By | September 20, 2004

      The top officers of large FSS operators who spoke at Euroconsult’s 8th World Summit For Satellite Financing in Paris voiced no surprise with forecasts of much tougher capital- expenditure parameters for companies recently acquired by PE firms. PanAmSat CEO Joe Wright, who will have KKR as his company’s new owner, does not see his company facing a competitive disadvantage.

      “We have tended to be risk averse,” Wright said. “We will downsize the satellites to the market need. In our industry, that has not been a tradition. We are going the way PE firms would like us to manage anyway.”

      He continued, “We are behind the capex curve for a large extent. We should be managing for free cash flow. I think the new influence will be good for the industry. You should design your satellites for the near future.”

      Wright thinks the trend of PE firms investing in the industry is a good thing. “I think it is going to be much more efficient to have PE firms at this point in time,” Wright said. “Our industry should not have 38 operators. We can create a much more efficient industry. I don’t call it consolidation; I call it rationalization. You are going to have some flagship operators.” Expect three or four global fleets, Wright said, with the new buyers staying away from a “slash and burn” mentality.

      SES Opportunity

      While Wright was arguing strongly that PE firms were a good thing, Romain Bausch, SES Global’s CEO, said SES could exploit a situation where other operators may have far more demanding shareholders when it comes to capex.

      “The presentations [by the financial experts earlier in the day] confirmed what the PE firms might do,” he said. “We have prepared to go with a balanced approach with FCF and investing in growth opportunities. We can have a more balanced use of our cash flow, which will be different from companies owned by PE firms. We are not displeased by this situation [of] the PE firms coming in.”

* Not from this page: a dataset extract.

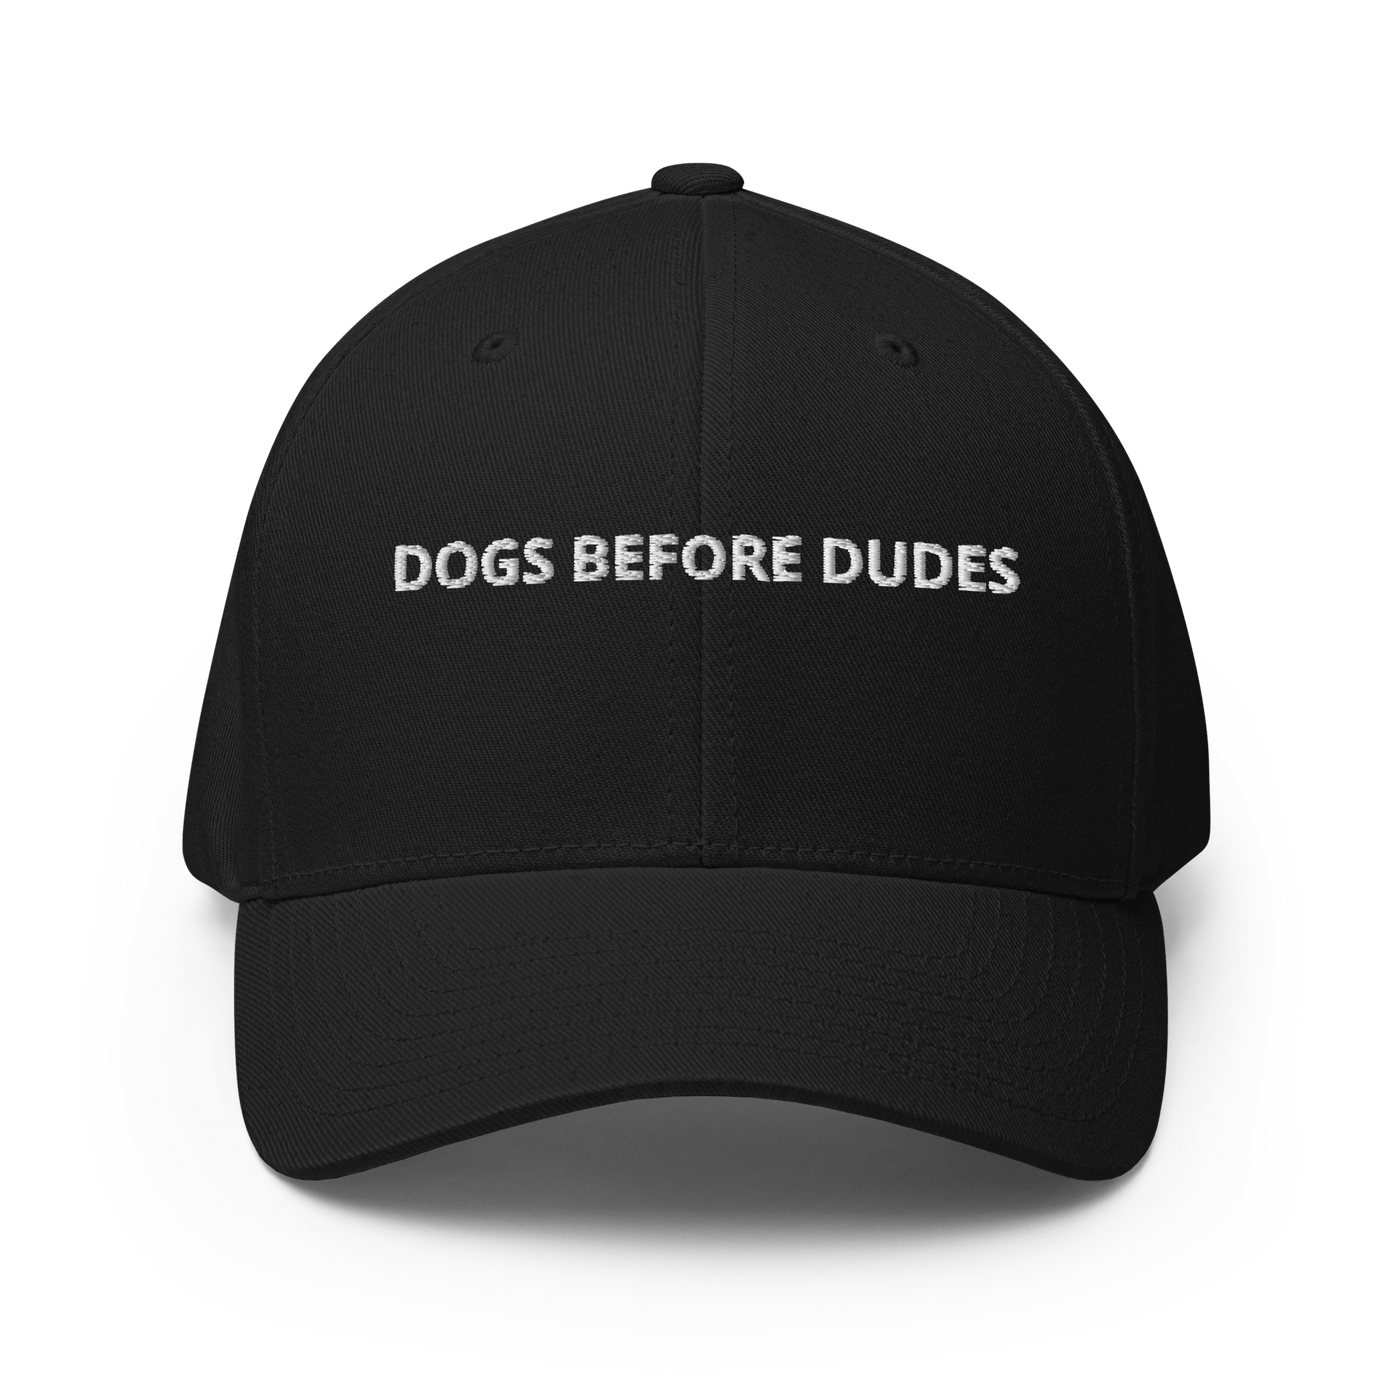 Dogs before Dudes Flexfit Cap - Black - S/M - Just Another Cap Store

      Conny Kullman, Intelsat’s CEO, also confirmed that an IPO still was a possibility, even though a consortium of PE firms recently announced a deal to acquire Intelsat. “If the Orbit legislation requires us to do an IPO, we would do an IPO,” he said. “The deal would not unwind as a result.”

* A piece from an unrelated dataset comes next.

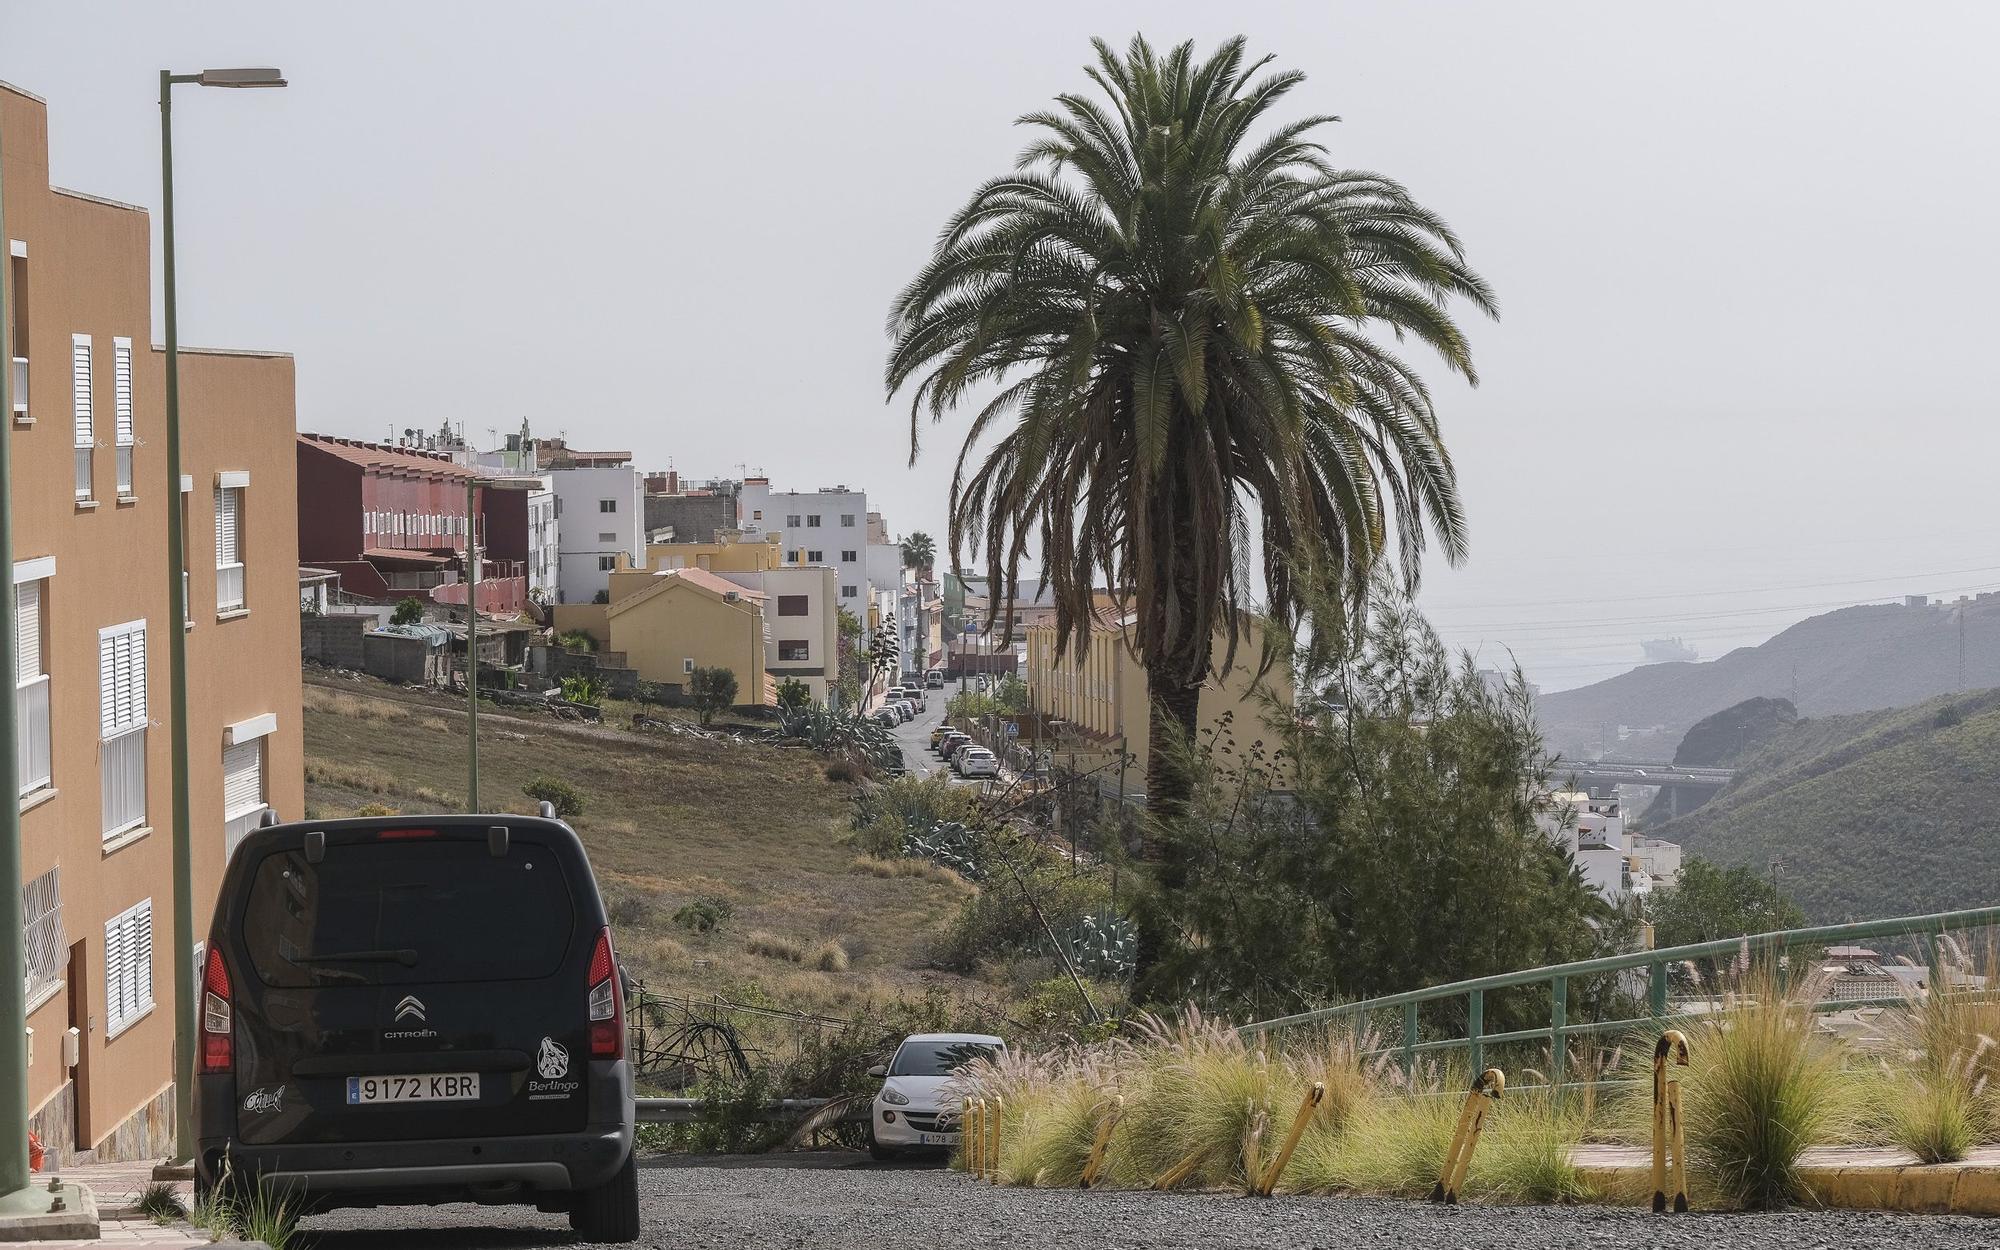 Falta de limpieza en las calles del barrio de El Fondillo en Las Palmas de Gran Canaria

      Intriguingly, two PE firms — Permira and Apax Partners — both have stakes in Intelsat and Inmarsat, although Ramin Khadem, Inmarsat’s outgoing CFO, said too much could be read into that situation.

      Questionable Synergy

      “I don’t see a natural synergy between Inmarsat and Intelsat. We are in the mobile market, they deal with the Internet backbone, etc.,” he explained. “I don’t think there are natural synergies between the two. Apax and Permira know what they are doing. They have bought into what they are doing.”

      Consolidation driven by PE firms is coming. According to Bausch, “We think the next round of global consolidation will come in three to five years. We feel there will be limited consolidation activities in Asia and Latin America; there will be swaps. I think the companies have to find new growth opportunities.”

      More Cooperation

      While the impact of PE firms in the sector provoked some lively debate, particularly between Bausch and Wright, operators were talking about the major growth opportunities. Giuliano Berretta, Eutelsat’s CEO, believes there will be further co-operation between operators as they look to fill gaps in their coverage. “Our problem is North America; that is [an area] we might look to do with the help of Hispasat or others,” he said. “I think cooperation between operators is very important. We are already providing capacity to G2.”

      Offering his take on growth opportunities, Dan Goldberg, CEO of New Skies Satellites, commented, “We are seeing a fair amount of business out there. It is our expectation we will see reasonable growth in the business. The average price per transponder is going down.”

      He continued, “There are two metrics you look for: One is the volume of sales and the other is price. We have some price compression over the past two years. I would say it is stabilizing in some markets. The bad news is that a number of markets are still suffering from overcapacity.”